There were also some incredibly clever bluefin tuna around at the time. One of them we got to know very well because he fed under the boat on the chum every day for several years. He was very easily recognisable because he had a terrific scar across the top of his head and down the side towards his gills. Don’t forget that these giants were almost hand fed by us; they came into the chum on the surface that we were throwing from the stern of the boat so we could recognise them very easily.
Scarback went from boat to boat eating the chum, but being very careful never to swallow the hook with the bait in it. This particular fish was very big and we all estimated it to be over 1 000 lb and everybody was keen to hook him. Although I can’t prove it, I believe that the giant bluefin that one-armed Boet du Toit fought for so many hours was in fact Scarback. During the fight we saw the bluefin on several occasions, but a long way from the boat and it was difficult to identify, but that fish was also certainly over 1 000 lb. And after that epic fight, Scarback was never again seen in Fishhoek Bay.
The final little story which I must tell involved a well known Cape Angler by the name of Major Bert Gandy, who had a boat years ago called Elegance. He was very keen to catch a bluefin using a bow and arrow, but we all told him that was ridiculous and it didn’t comply with IGFA standards, but that didn’t deter Bert. He was an ex-major from the British army and he was very determined to go ahead with this project.
He attached an arrow to the line on the rod and reel, and then used a bow to shoot the arrow towards the bluefin. As I said earlier, it was simple to get right up to the bluefin because they stayed just behind the boat, and Bert fired several arrows into several bluefin. Needless to say, the bluefin immediately took off after being hit, and within five minutes the line would snap or the arrow would pull out. Poor old Bert was never able to achieve his goal of landing a giant bluefin with a bow and arrow.

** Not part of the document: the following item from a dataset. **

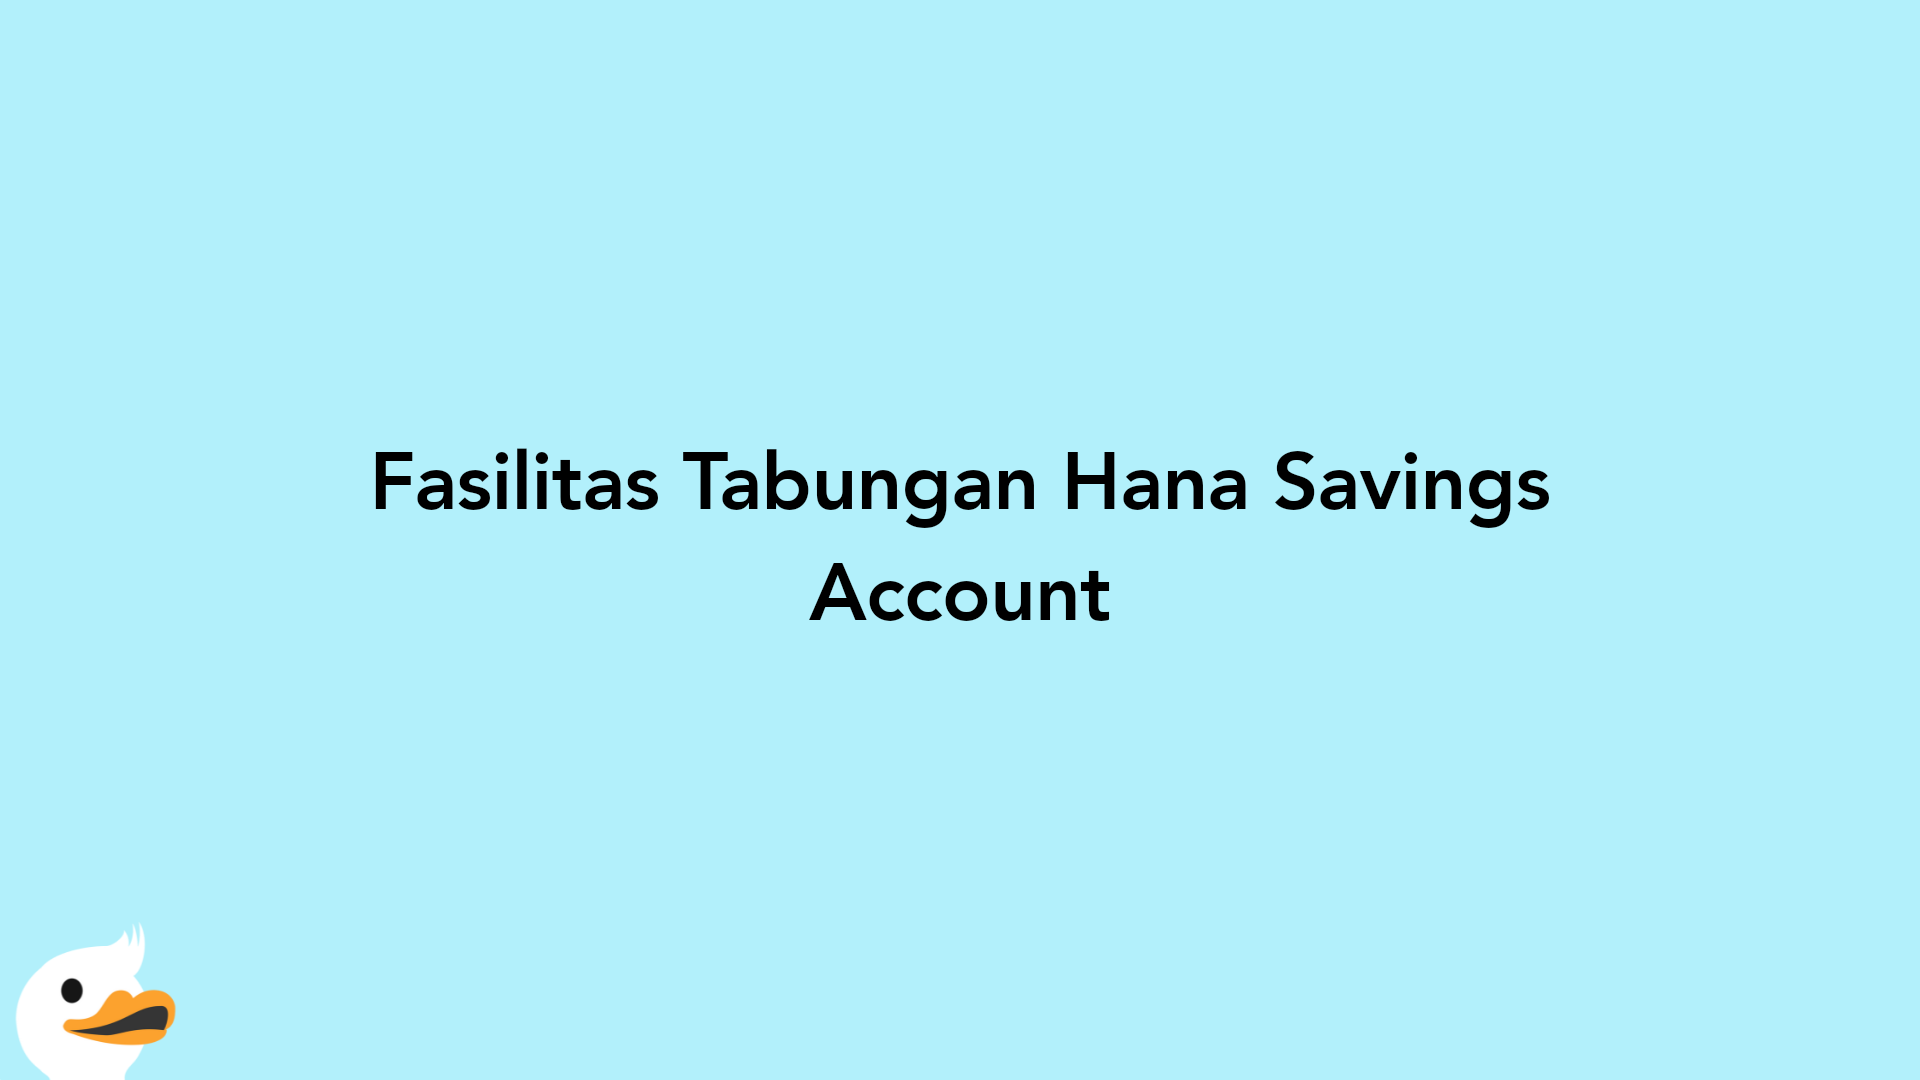 Fasilitas Tabungan Hana Savings Account

Just to be clear, we were all against this plan and the club actually reprimanded him and told him not to do it, but he was a very determined fellow …
WILL IT HAPPEN AGAIN?
Unfortunately, this generation is all but gone. Bruno Mercorio passed away in early 2020, I think. He had great success with bluefin in Fishhoek on his boat Volante and caught some very, very commendable bluefin, including three in one day. I stand to be corrected, but I think I might be the last surviving angler of that era, with the exception of Simon Susman — David’s son — a past Chairman of Woolworths, who also landed several large bluefin. I don’t think there are very many of us left today to tell these marvellous stories which should be told and should be preserved for posterity.
In my mind there’s absolutely no doubt that these giant bluefin came into the bay to feed on the vast hordes of baitfish there at the time.
There were theories that they came to spawn, but I very much doubt that. And then there were other theories that maintained too many were caught and we damaged the one group that returned every year, but I also don’t think that is valid. In total less than 250 giant bluefin tuna were caught over the period of about nine or ten years, so I very much doubt that could have been the reason they gradually stopped coming into the bay.
I think that the damage was done by the purse seiners that depleted the bay of thousands and thousands of tonnes of mackerel, anchovies and squid over a period of ten- to 15 years, leaving the bay virtually without any baitfish today.
There is also another theory which has merit — that internationally these giants have migrated from country to country. We proved that with the one I caught that came from Canada the previous year. The bluefin stocks have been abused worldwide by the Japanese longline fishermen and Chinese fishermen, so this could also have an adverse effect on the fish stocks that came here.
They say “Never say never”, and that’s a good saying, but I don’t personally believe we will ever again see these giant bluefin in False Bay or anywhere near our waters here in the Cape.